Claudia Webbe defends controversial appointment overseeing Labour antisemitism cases

'It is my mission to make the Jewish community feel welcome'


A left wing activist has defended her appointment to oversee Labour’s disciplinary cases, including ones relating to antisemitism, after it caused alarm.

Claudia Webbe, a close ally of Jeremy Corbyn, was elected chair of the party’s disputes panel on Tuesday during a meeting of its national executive committee (NEC) equalities group.

Her appointment was immediately called "a step backwards" and Richard Angell, director of the centrist Labour group Progress, accused her of allowing “antisemitic tropes to be uttered unchallenged" during an event at the party's conference last year.

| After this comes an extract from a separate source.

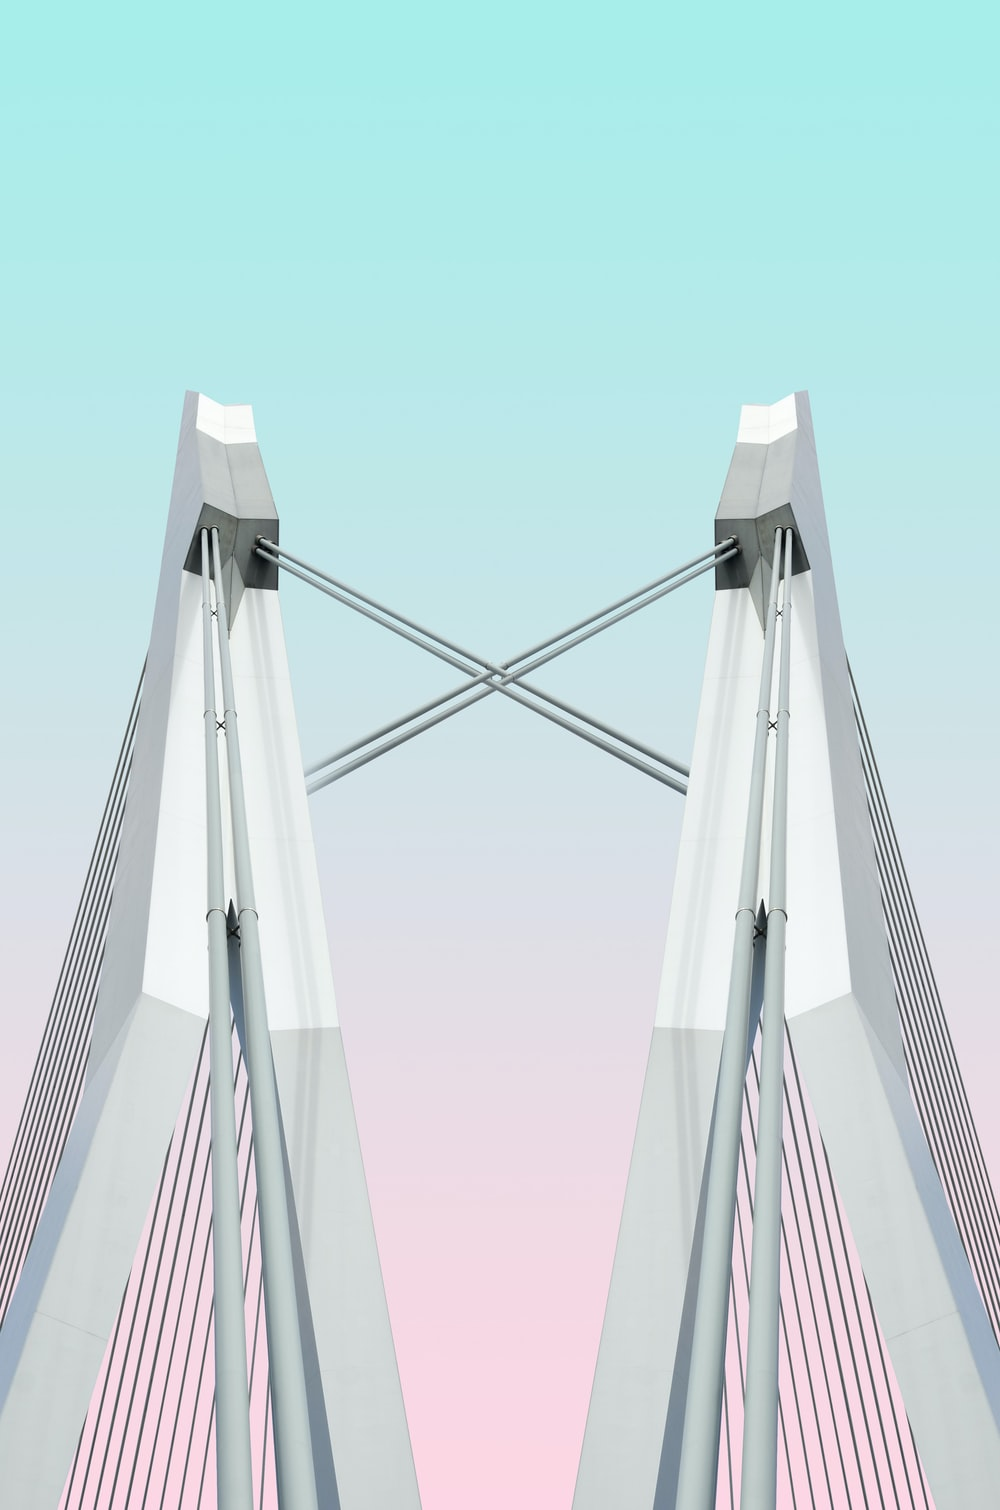 white metal stand illustration

But she told the JC she had been “hurt to the core” to hear about Labour members' experiences of antisemitism and disputed Mr Angell's claim.

Ms Webbe insisted that she had not meant to allow speakers at the 2017 Labour party conference to use antisemitic tropes during a debate about adopting new rules to clampdown on Jew hate.

During the angry debate, delegates repeatedly attacked the party's NEC for working with the Jewish Labour Movement to implement the changes.

Naomi Wimborne-Idrissi, from the pro-Jeremy Corbyn Jewish Voice for Labour group, claimed Jews promoting the rule change had been "running" to brief right-wing newspapers including the Mail and the Telegraph.

Ms Webbe said she tried to "give people on all sides a chance to speak" as chair. "I was not aware of antisemitism and, if I was, I would have said something," she said.

“To get the rule change through conference was a big deal and I think that is something to be celebrated. It is not true to say I allowed antisemitism.”

She continued: “It pains me to hear from the victims. I find antisemitism abhorrent and I want the party to be a place that doesn’t just say it welcomes everyone, it makes them feel it."

She said she would not ignore “the concerns of the Jewish community. I condemn the attacks and the emotional abuse that people have experienced".

She added: “I know people have spoken up about what they have experienced and that they can be demonised... I don’t think that should happen to anyone.

"I have experienced racism myself so I know what it feels like. It is my mission to make the Jewish community feel welcome.”

Ms Webbe's appointment also caused alarm because of her past defence of Ken Livingstone.

She said she did not condone Mr Livingstone’s comments in 2005, when he likened journalist Oliver Finegold to a Nazi guard, nor did she support his recent comments about Hitler and Zionism that led to him to quit the party after being suspended.

But she stood by her decision to write a letter to the Guardian in defence of the former London Mayor in 2006 after he was suspended as mayor for four weeks over his encounter with Mr Finegold.

Ms Webbe worked as an adviser to Mr Livingstone in 2000 and 2004 and, in the Guardian letter, said his suspension “smacked in the face of true democracy”.

“His history of work in the anti-racist movement is unquestionable,” she wrote in the letter.

She told the JC: “I was asked to record his anti-racist credentials accurately as the chief executive of the Race Equality Council.

“At the time, I think that context was important. He had been elected by London, would we call those that voted for him racist?”

Ms Webbe, who was tipped to land the new role with the backing of Mr Corbyn’s office, said she had experience of working with the Jewish community and vowed to support them.

She said she worked with the Board of Deputies as chief executive of Westminster Race Equality Council, adding: "Fighting antisemitism is something that I take seriously."

“I am the best person for the job,” she added. “My experience in terms of tackling racism is second to none. I have spent my entire life dealing with these issues."

Ms Webbe, an Islington councillor, said it was unacceptable that disciplinary cases were taking months and sometimes years to deal with.

“I think we have had processes that worked for the smaller membership and not for the thousands we have now.

“We used to deal with half a dozen complaints now we have hundreds.”

She promised to make sure the disputes process was "fit for purpose and served all our members”.

She was elected after the previous chair, Christine Shawcroft, stood down from the NEC after a leaked email revealed she backed a party member who was suspended over alleged Holocaust denial.